## Data in this exercise
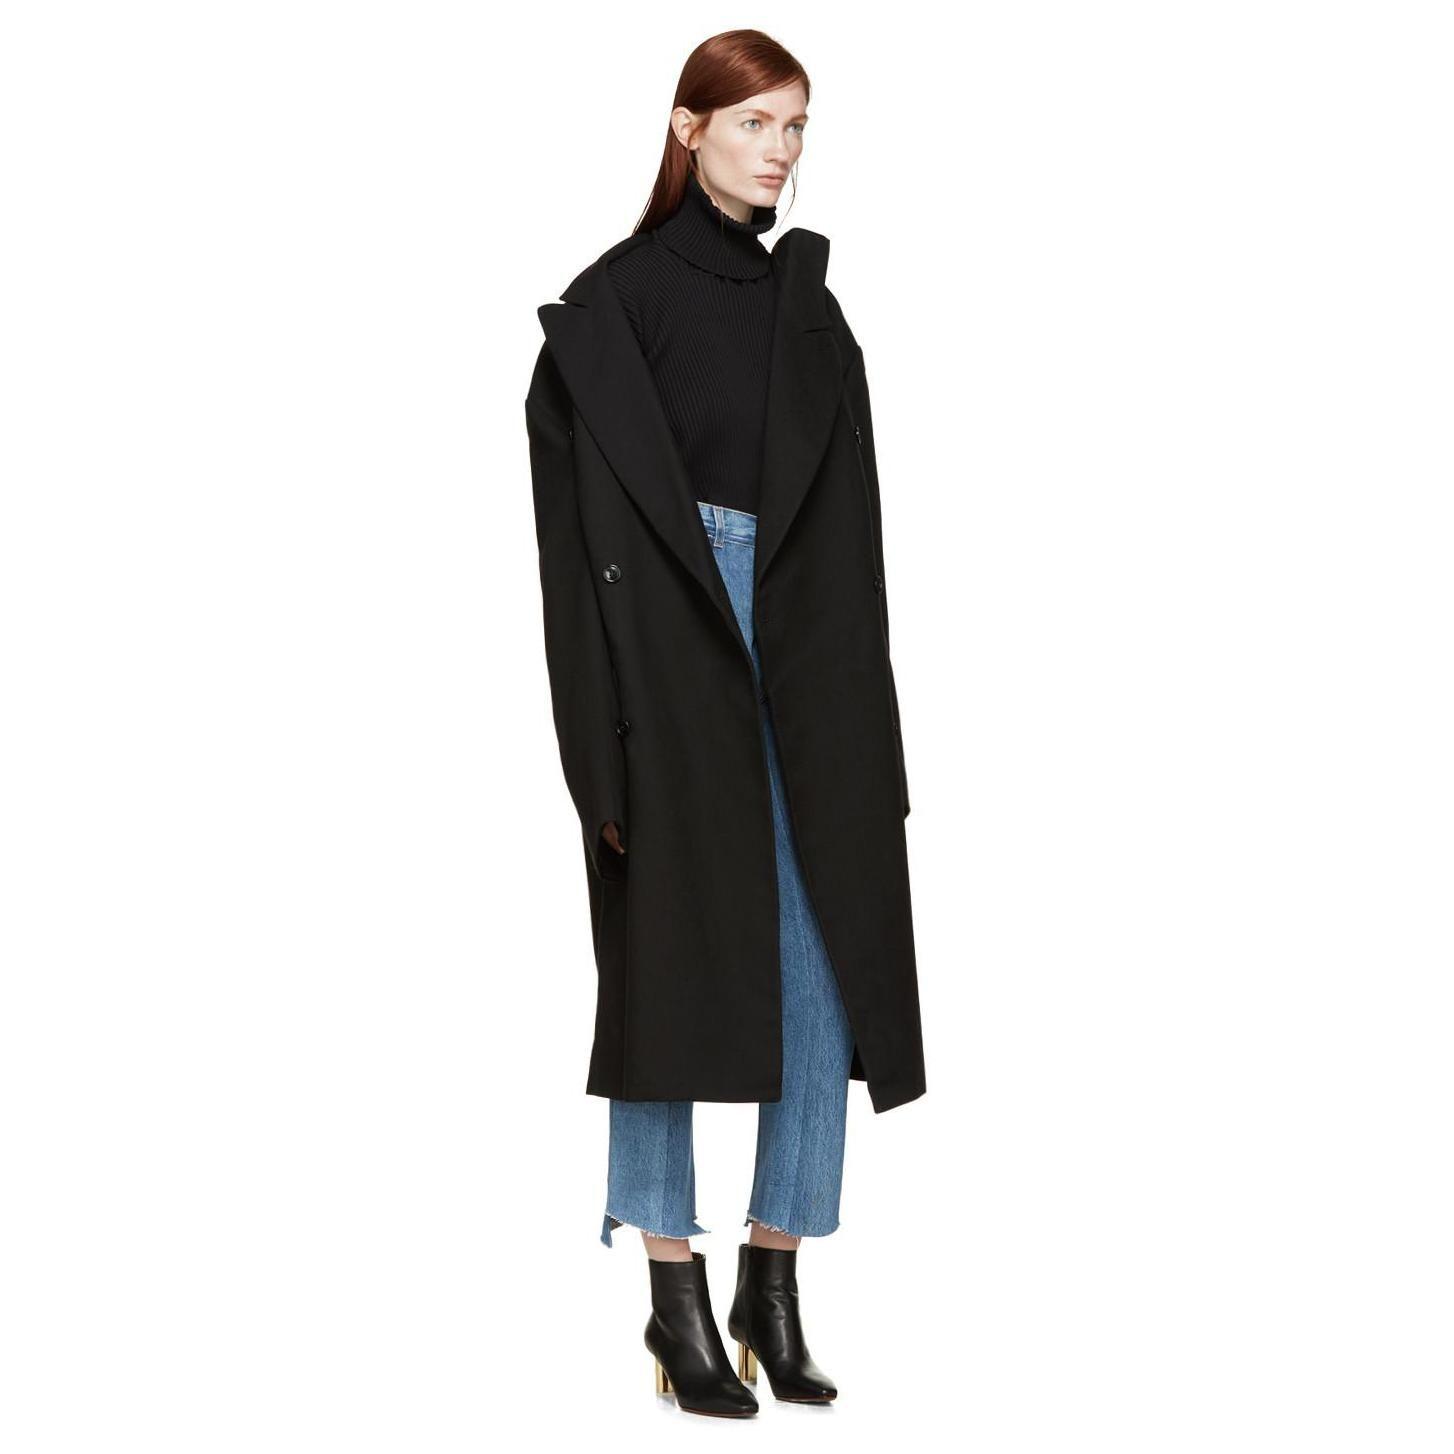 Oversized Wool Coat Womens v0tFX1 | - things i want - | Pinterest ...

* * *

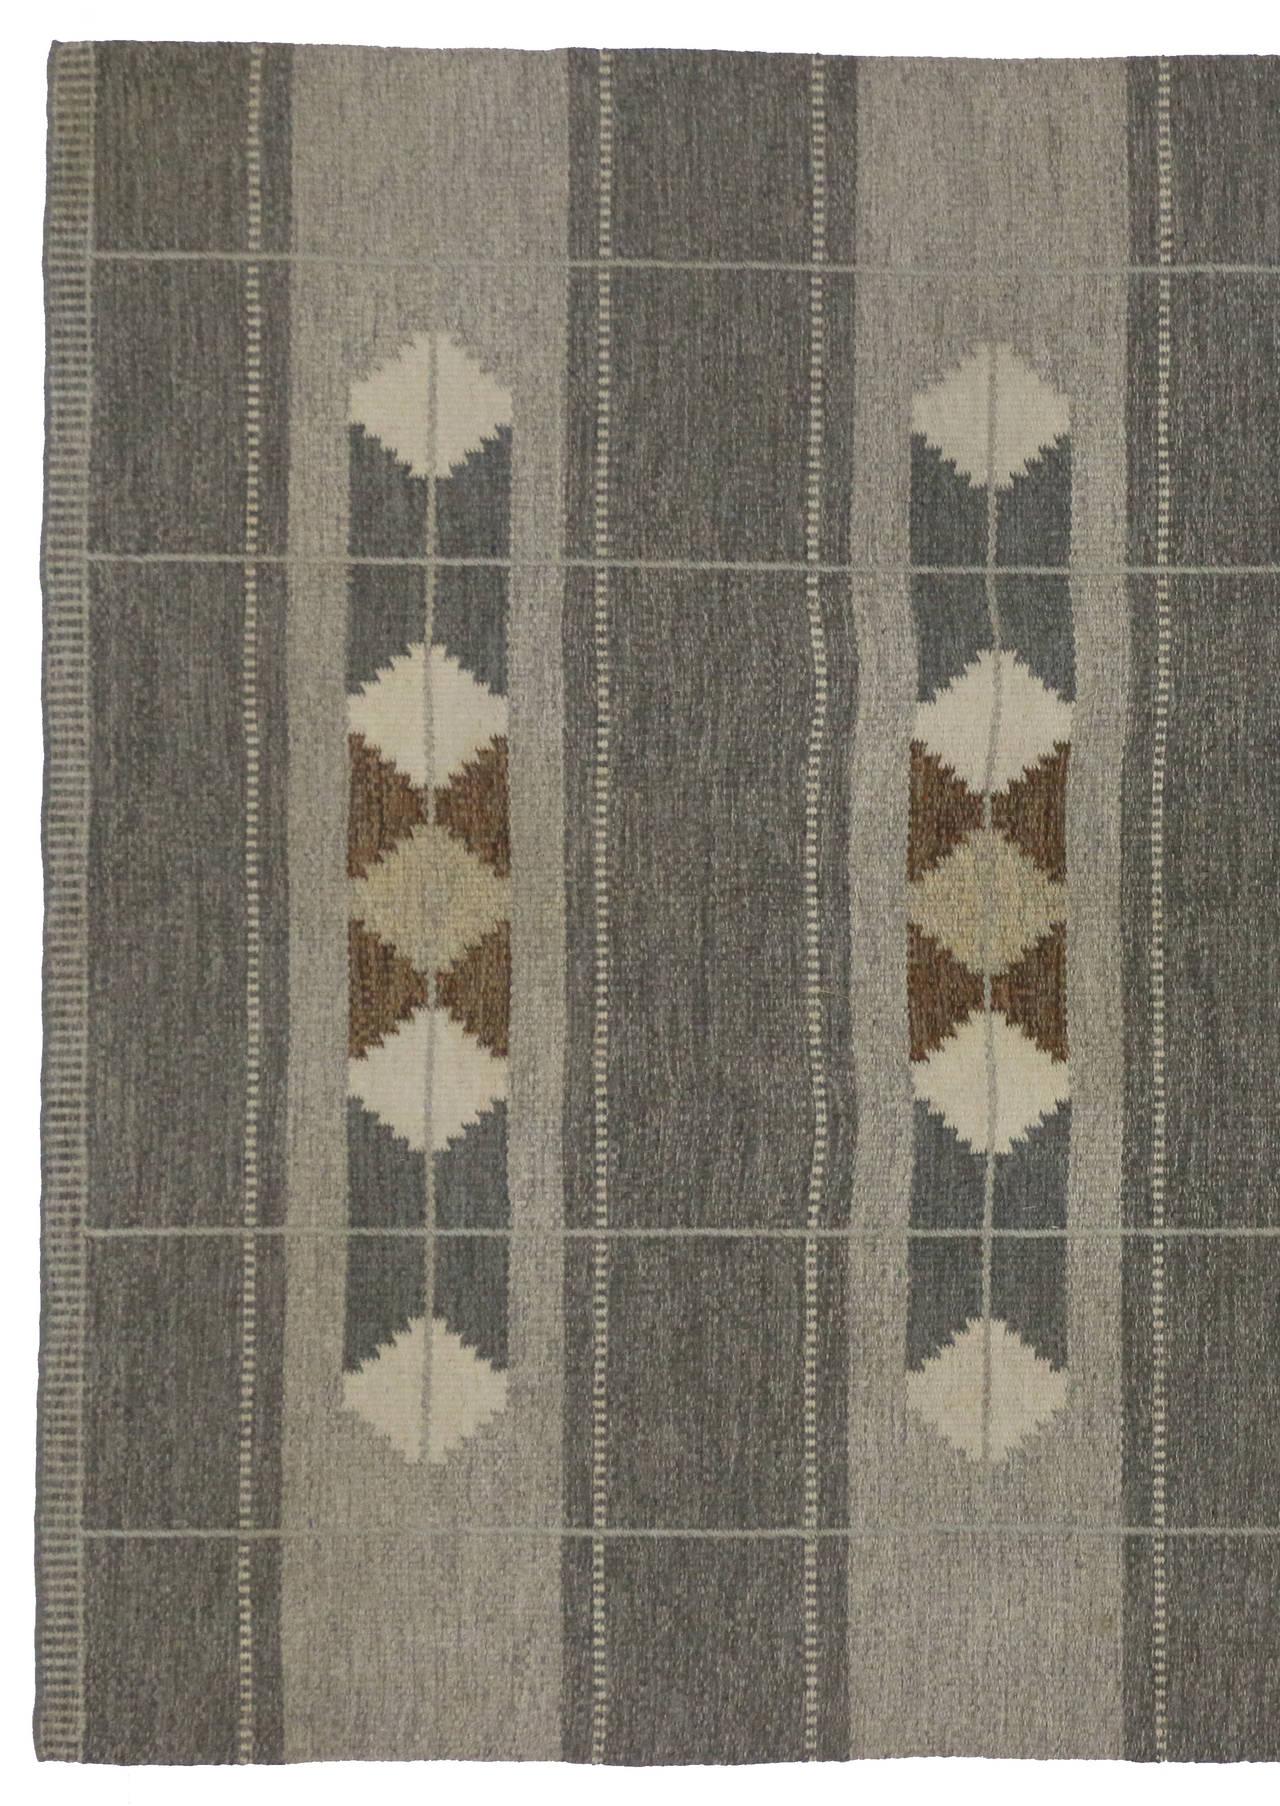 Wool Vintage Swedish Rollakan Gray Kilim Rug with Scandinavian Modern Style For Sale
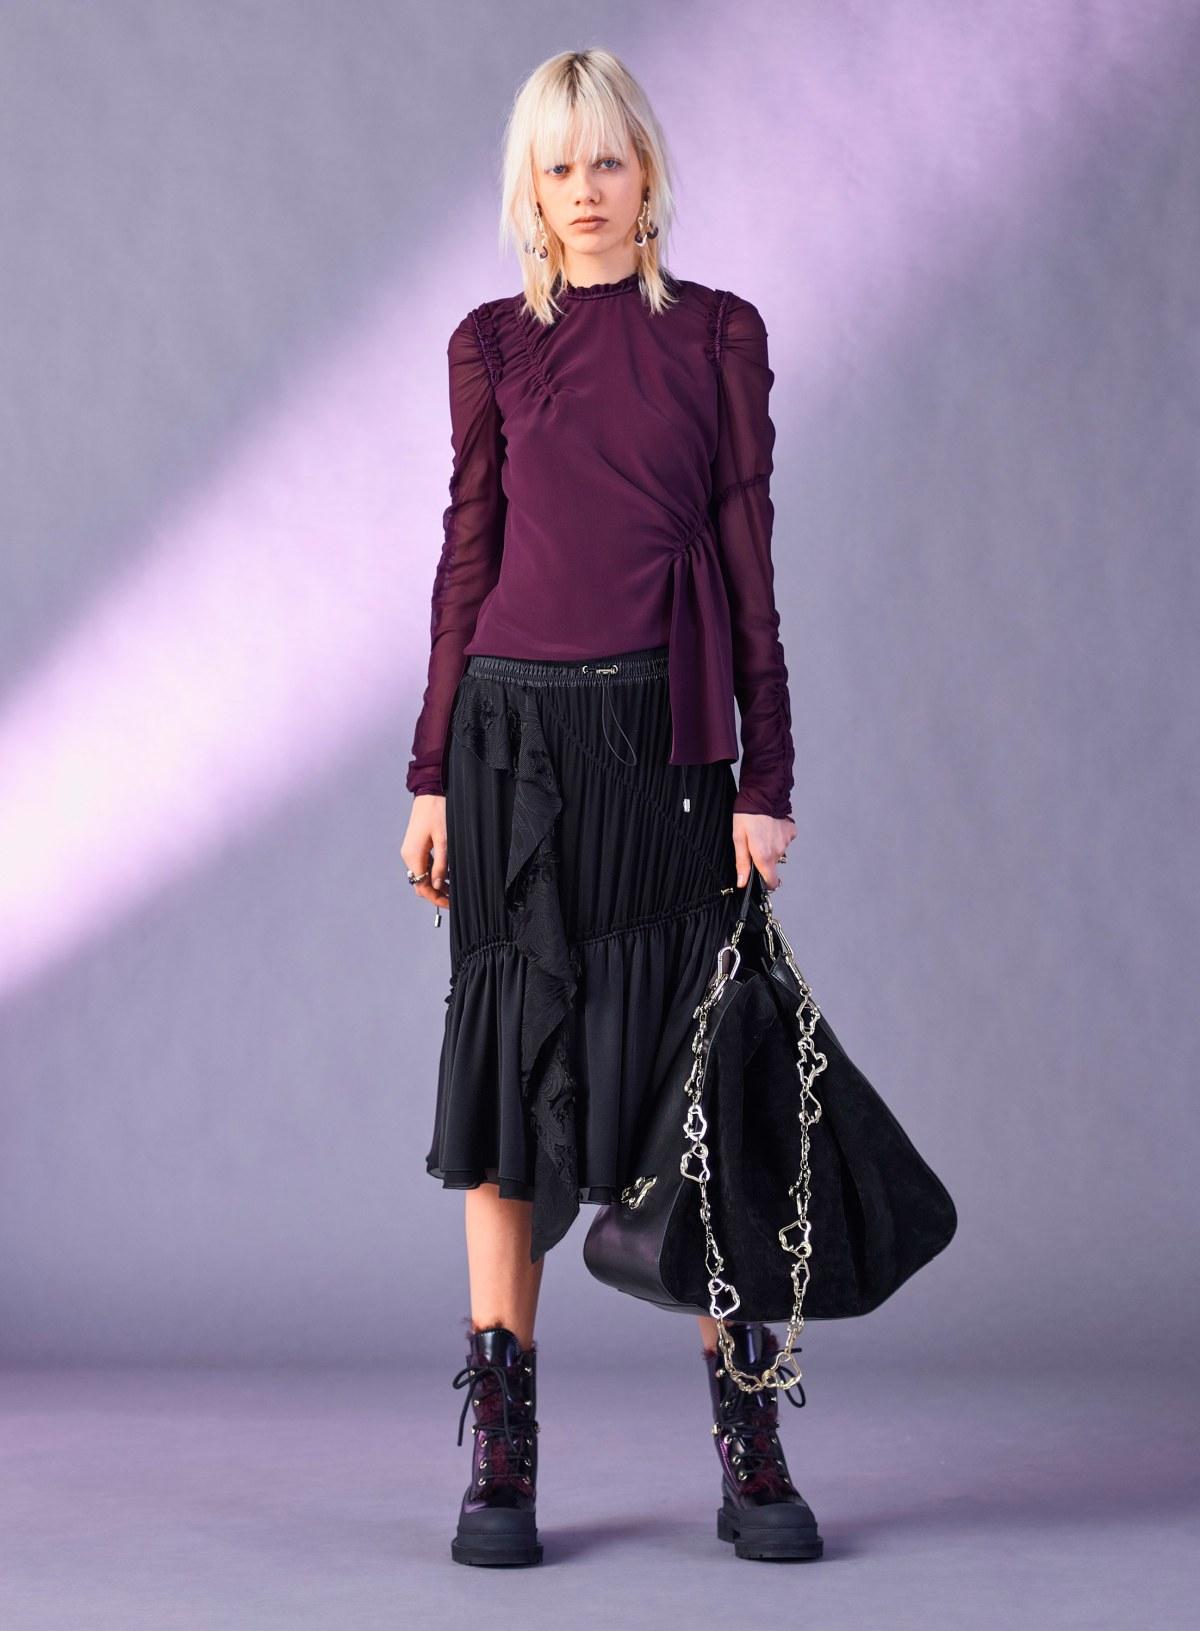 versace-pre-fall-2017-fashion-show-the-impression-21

...

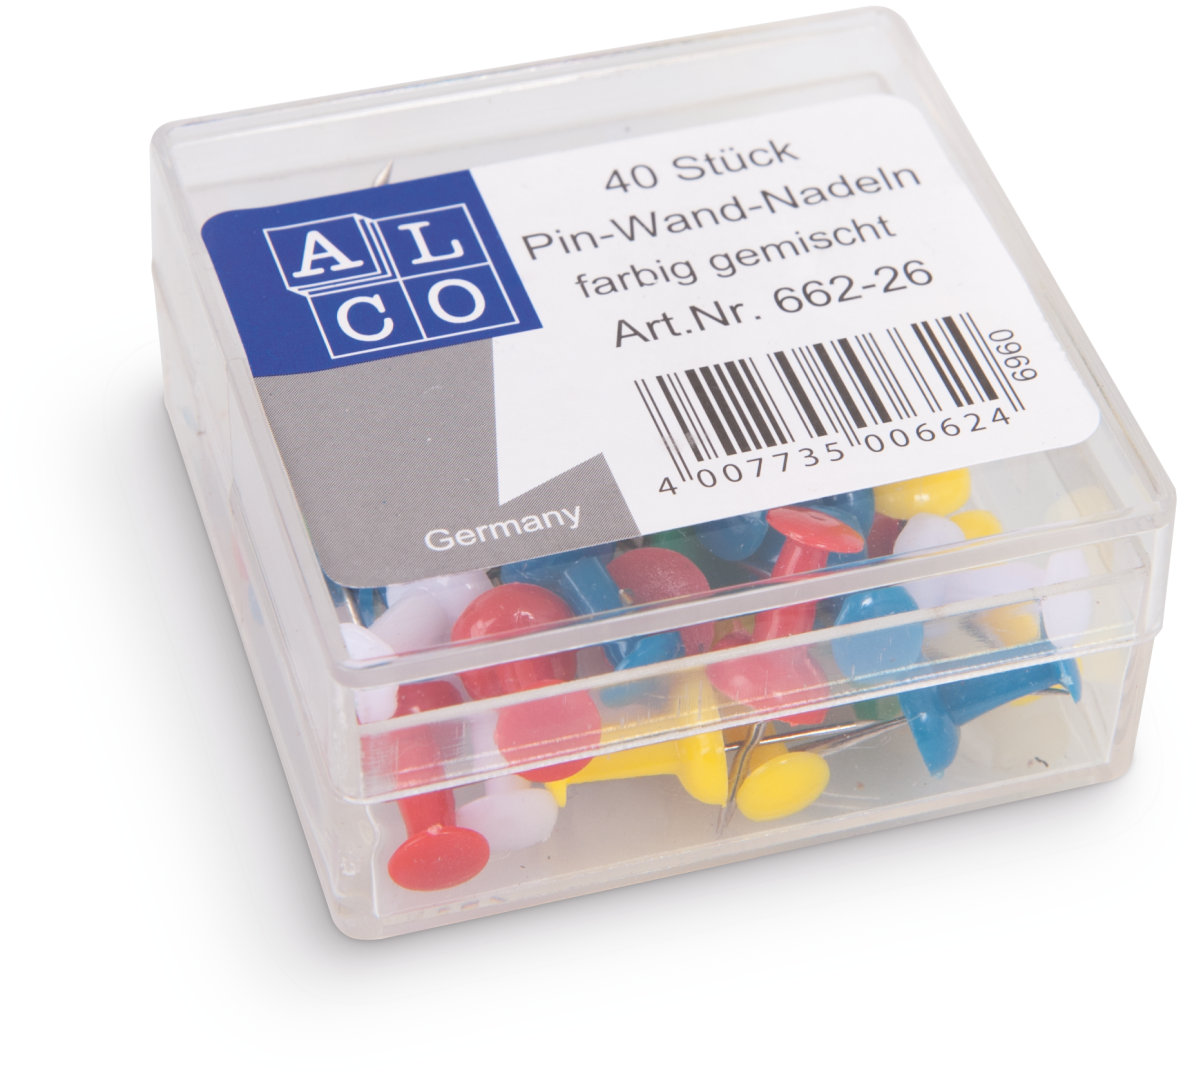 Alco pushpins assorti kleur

## Required action
Between and including the line above that contains "Wool Vintage Swedish" and the line that contains "versace-pre-fall-2017-fashion-show-the-impression-21", restate every line word for word. Pictures stay out.

## Reply
 Wool Vintage Swedish Rollakan Gray Kilim Rug with Scandinavian Modern Style For Sale
 versace-pre-fall-2017-fashion-show-the-impression-21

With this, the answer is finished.